Cell Therapy of Cancer With Allogeneic Blood Lymphocytes Activated With Recombinant Interleukin-2 (rIL-2) for Metastatic Solid Tumors

Consenting patients (age < 70) will be eligible for participation in the study involving selective anti-tumor immunotherapy provided the following criteria are met:

• Evidence of cancer not expected to be cured with conventional modalities
• Pediatric patients: Chemotherapy-resistant neuroblastoma stage 4 and sarcomas.
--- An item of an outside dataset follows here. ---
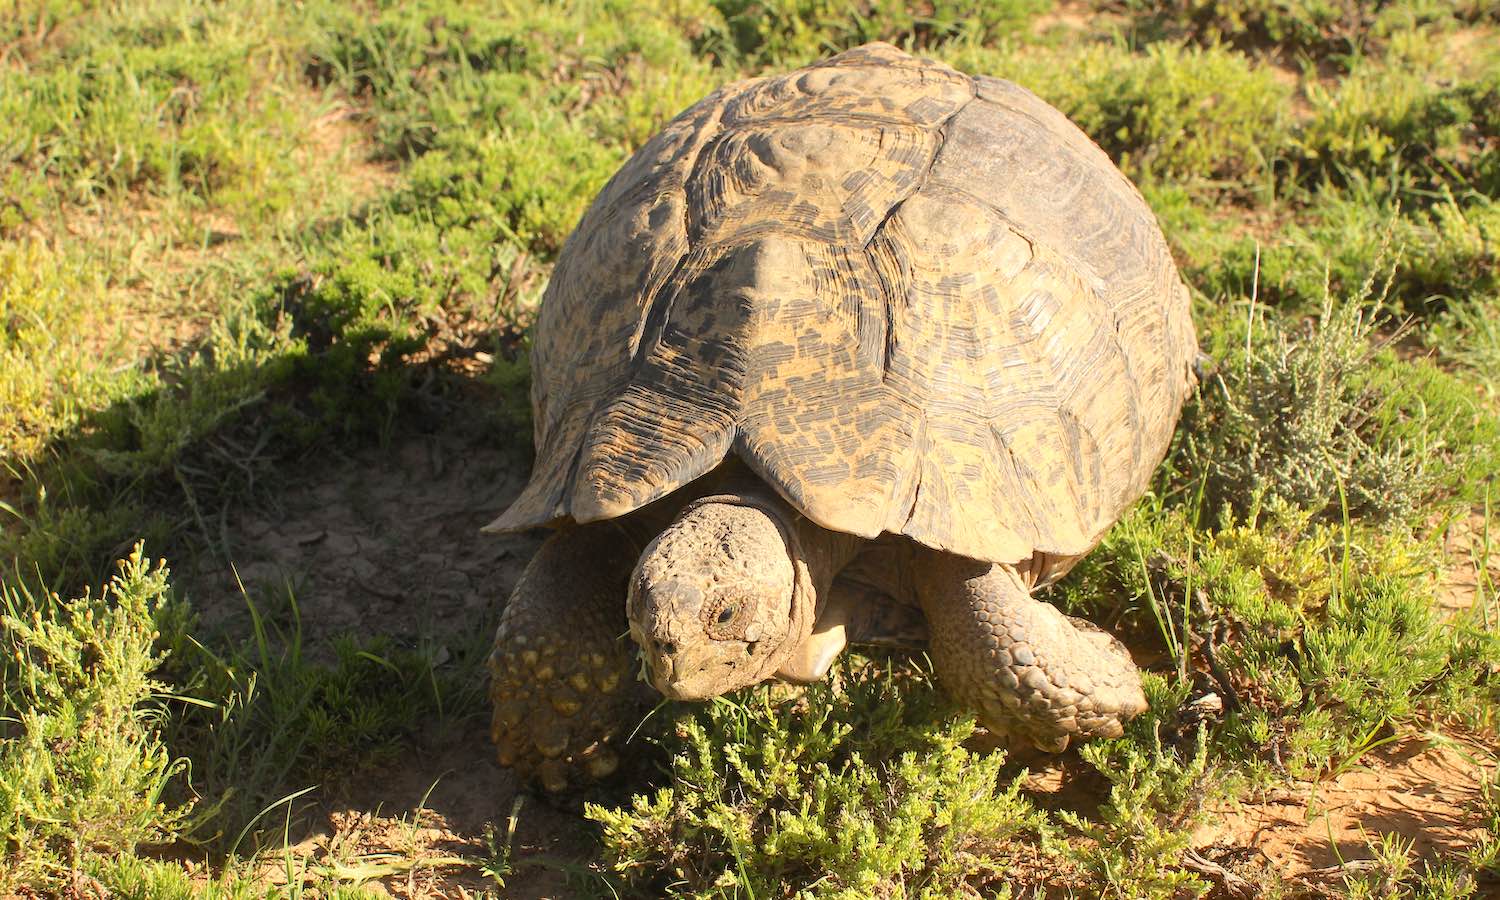 A tortoise on grass.

Adult patients: Metastatic breast cancer, malignant melanoma, renal cell cancer and selected cases of ovarian cancer, gastrointestinal cancer, small-cell and non-small cell lung cancer with non-bulky metastatic disease, and metastatic prostate cancer.
• Patients with measurable disease evaluable for response with anticipated life expectancy > 3 months.
• Patients must be > 2 weeks off of anti-cancer or potentially immunosuppressive treatment.
• Adequate ambulatory performance status (Karnofsky > 80%; ECOG 0-1) to enable outpatient treatment.
• Compliant and cooperative patients anticipated to be evaluable for response according to the investigator's assessment.
• HLA-compatible (fully matched or single locus mismatched) donor available for allogeneic stem cell transplantation.

• Patients with bulky disease or patients with brain metastases resistant to chemo-radiotherapy.
• Patients with a significant history or current evidence of potentially severe cardiovascular or lung disease, or other disease or clinical condition that may not permit accomplishing the planned treatment or drawing conclusions.
• Hepatic and/or renal failure.
• Evidence of serious active infection requiring antibiotic therapy.
• Pregnancy.
• Contraindication for donation due to donor disease: HIV-1; hepatitis B surface antigen (HBsAg) positivity.